● **THE DATA**
******
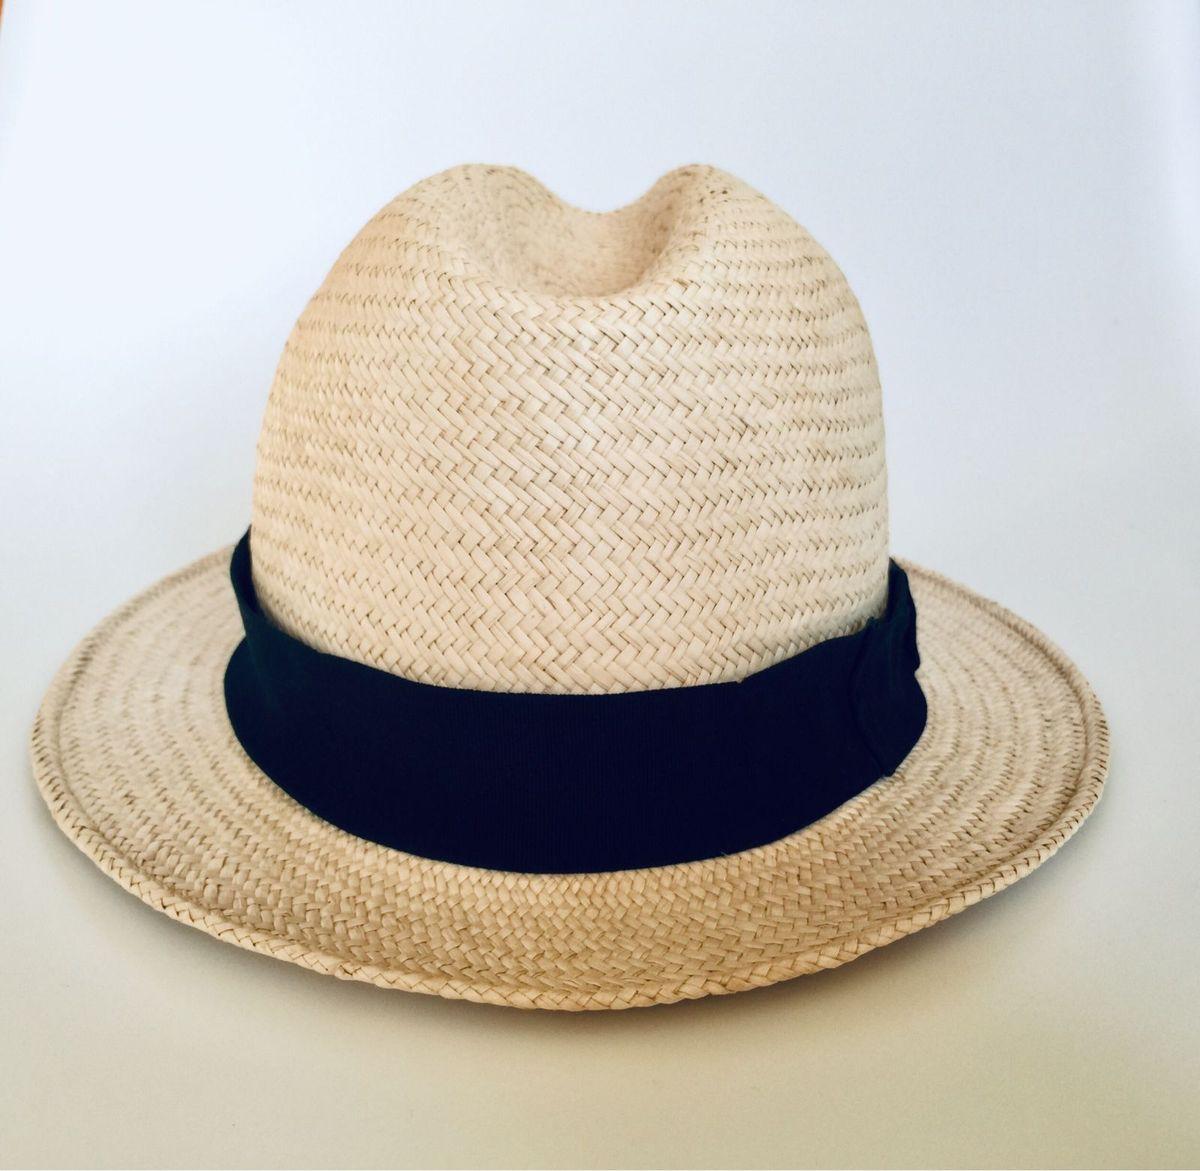 4fe4d08c196c9 chapéu panamá original - chapeu sem marca.  Czm6ly9wag90b3muzw5qb2vplmnvbs5ici9wcm9kdwn0cy83nje2mzc3lzfhn2ezogvlowmxogrlnjg1mmnkmgninwzlndc3nmfllmpwzw  ...
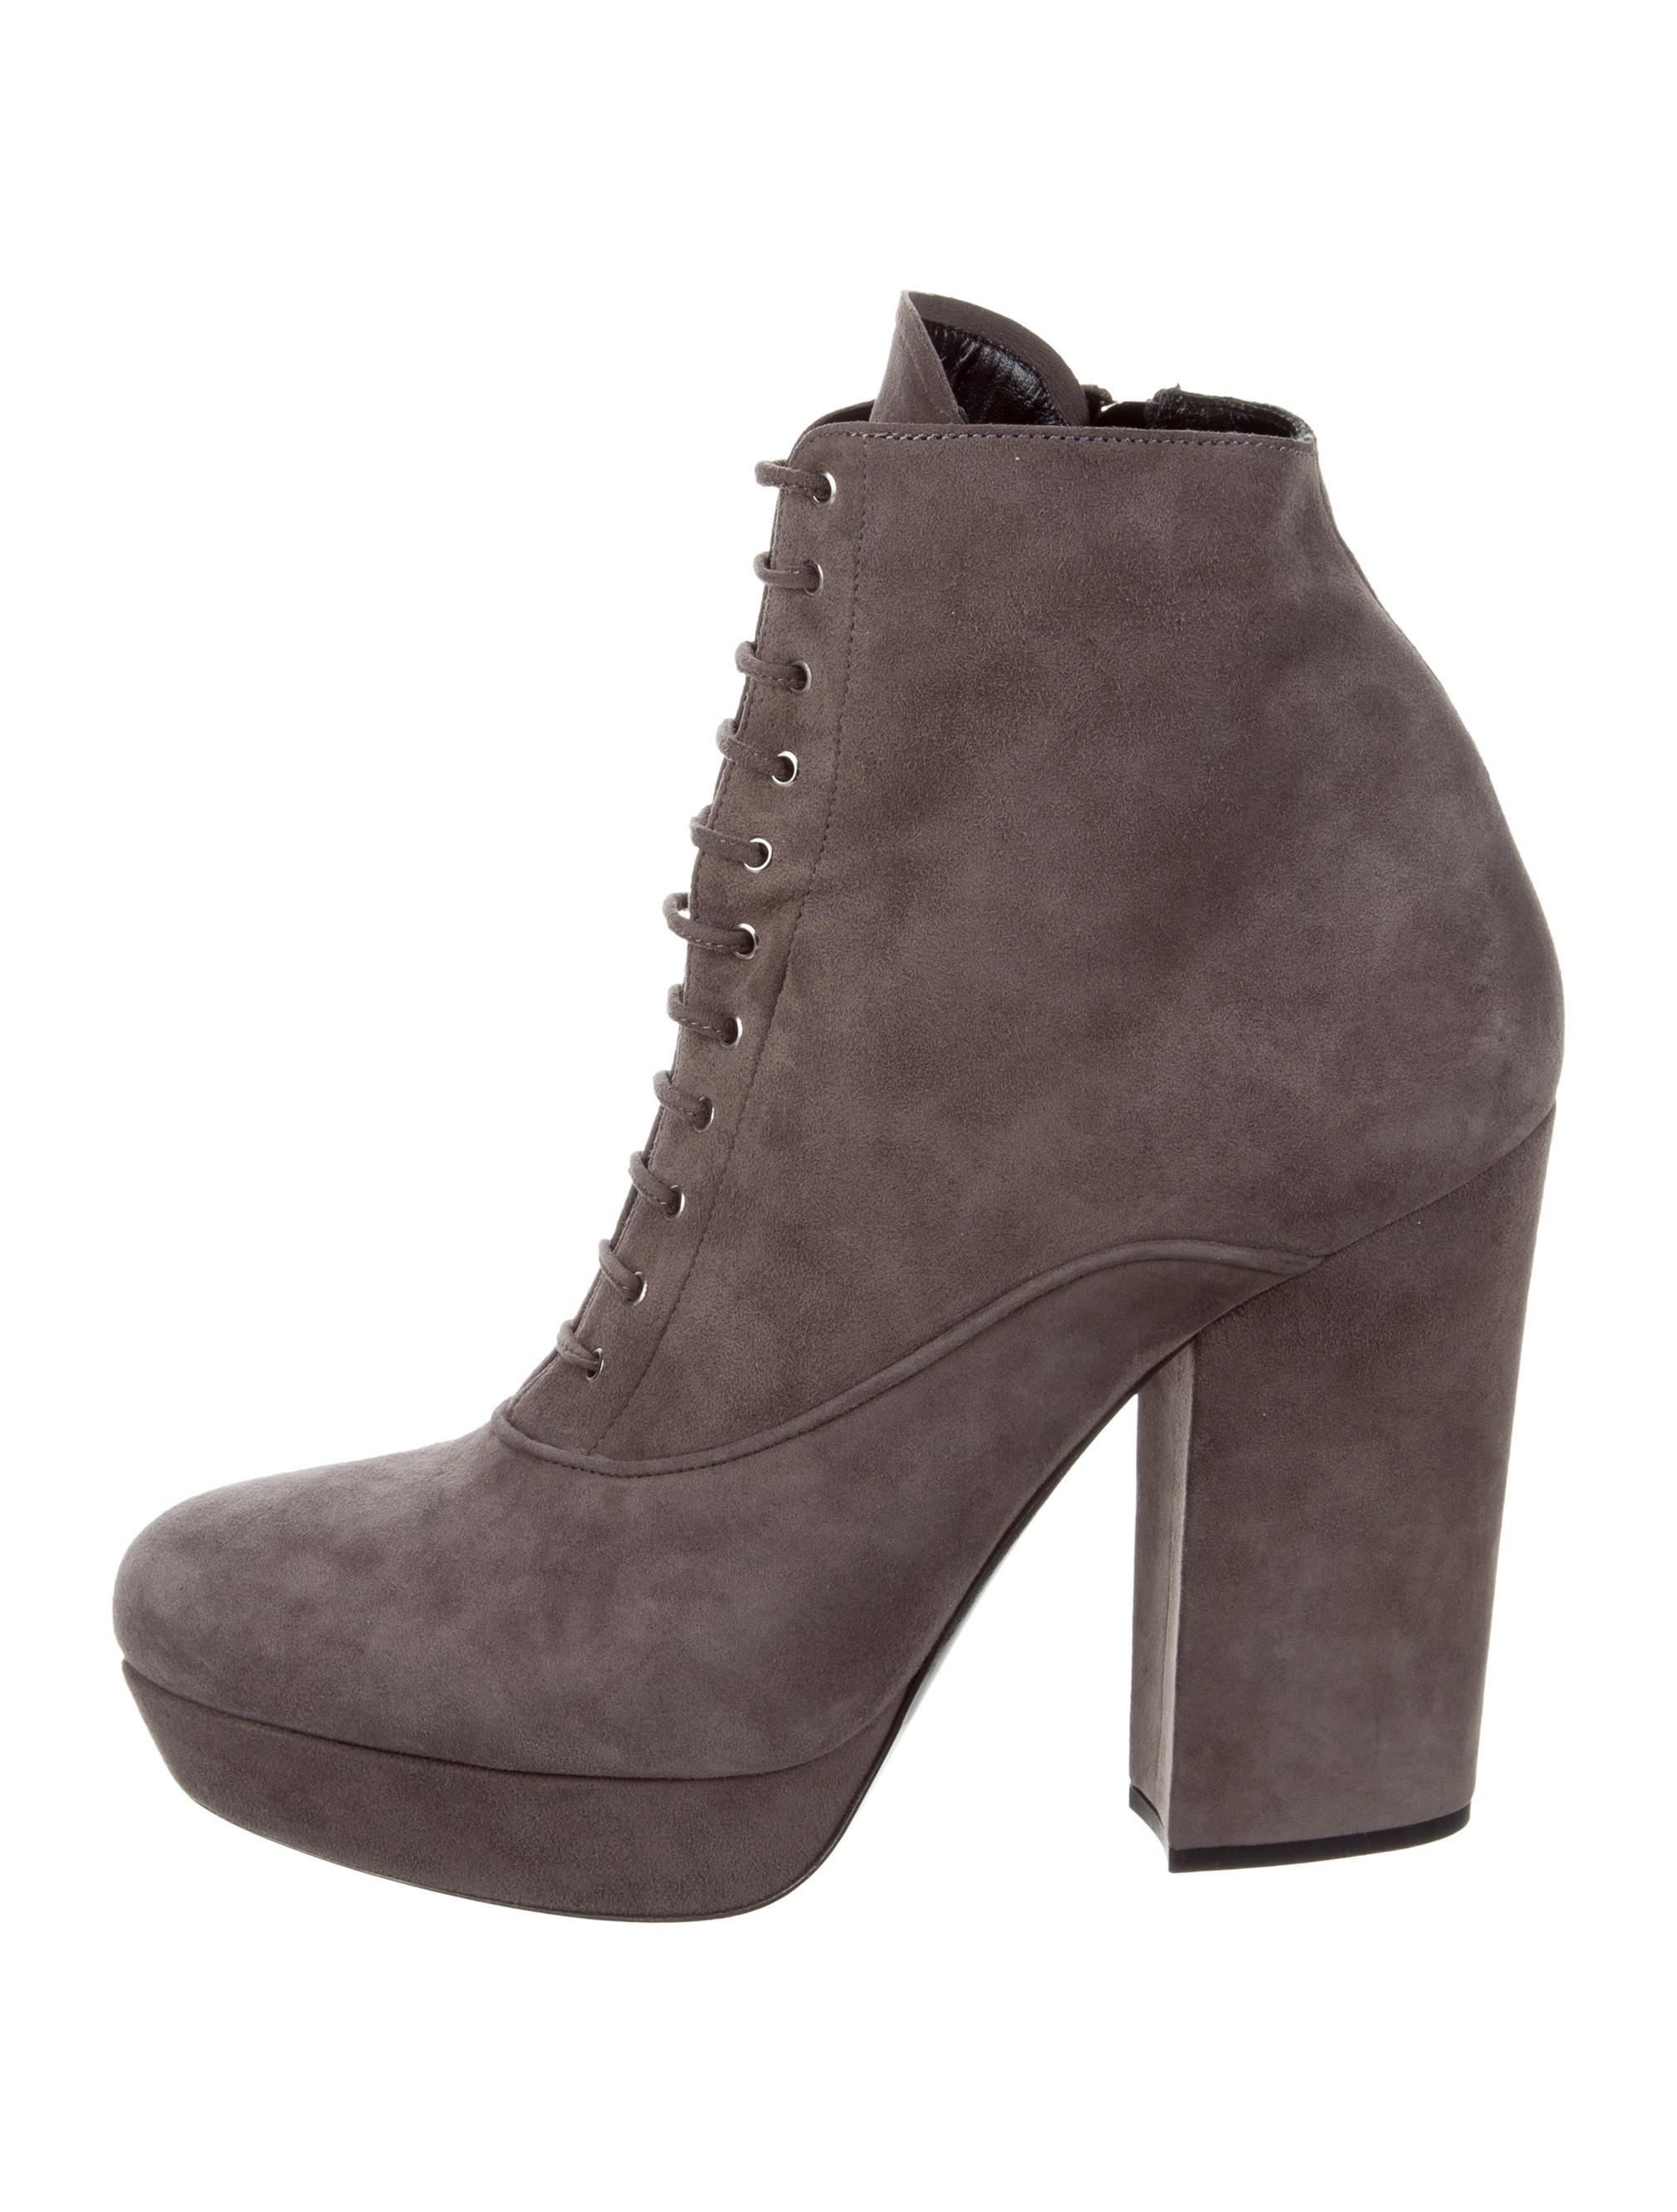 miu miu suede platform ankle boots shoes miu54789
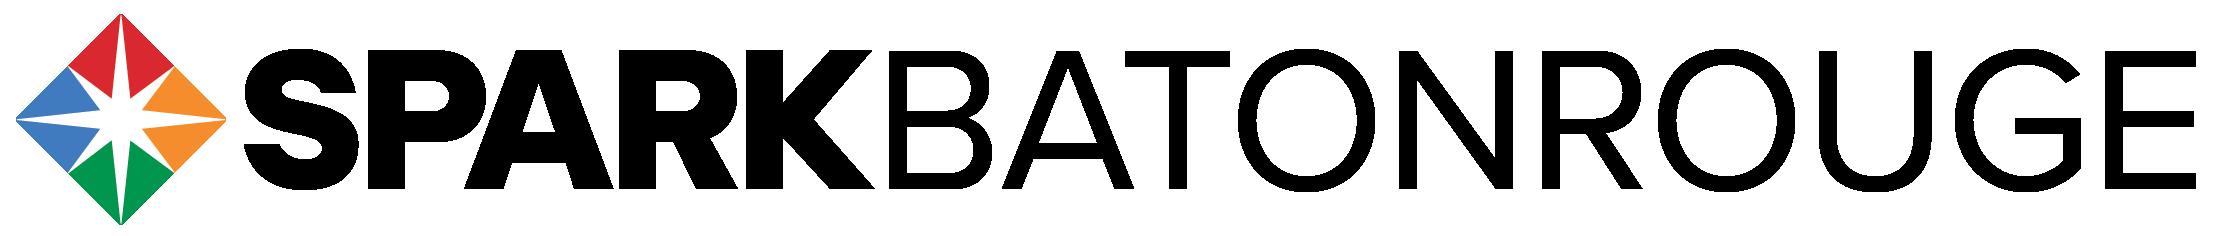 SparkBatonRouge 2021 Fit City Challenge
******
● **WHAT TO PRODUCE**
Reproduce the lines above exactly, image-free.

● **RESULT OF THIS TASK**
 4fe4d08c196c9 chapéu panamá original - chapeu sem marca.  Czm6ly9wag90b3muzw5qb2vplmnvbs5ici9wcm9kdwn0cy83nje2mzc3lzfhn2ezogvlowmxogrlnjg1mmnkmgninwzlndc3nmfllmpwzw  ...
 miu miu suede platform ankle boots shoes miu54789
 SparkBatonRouge 2021 Fit City Challenge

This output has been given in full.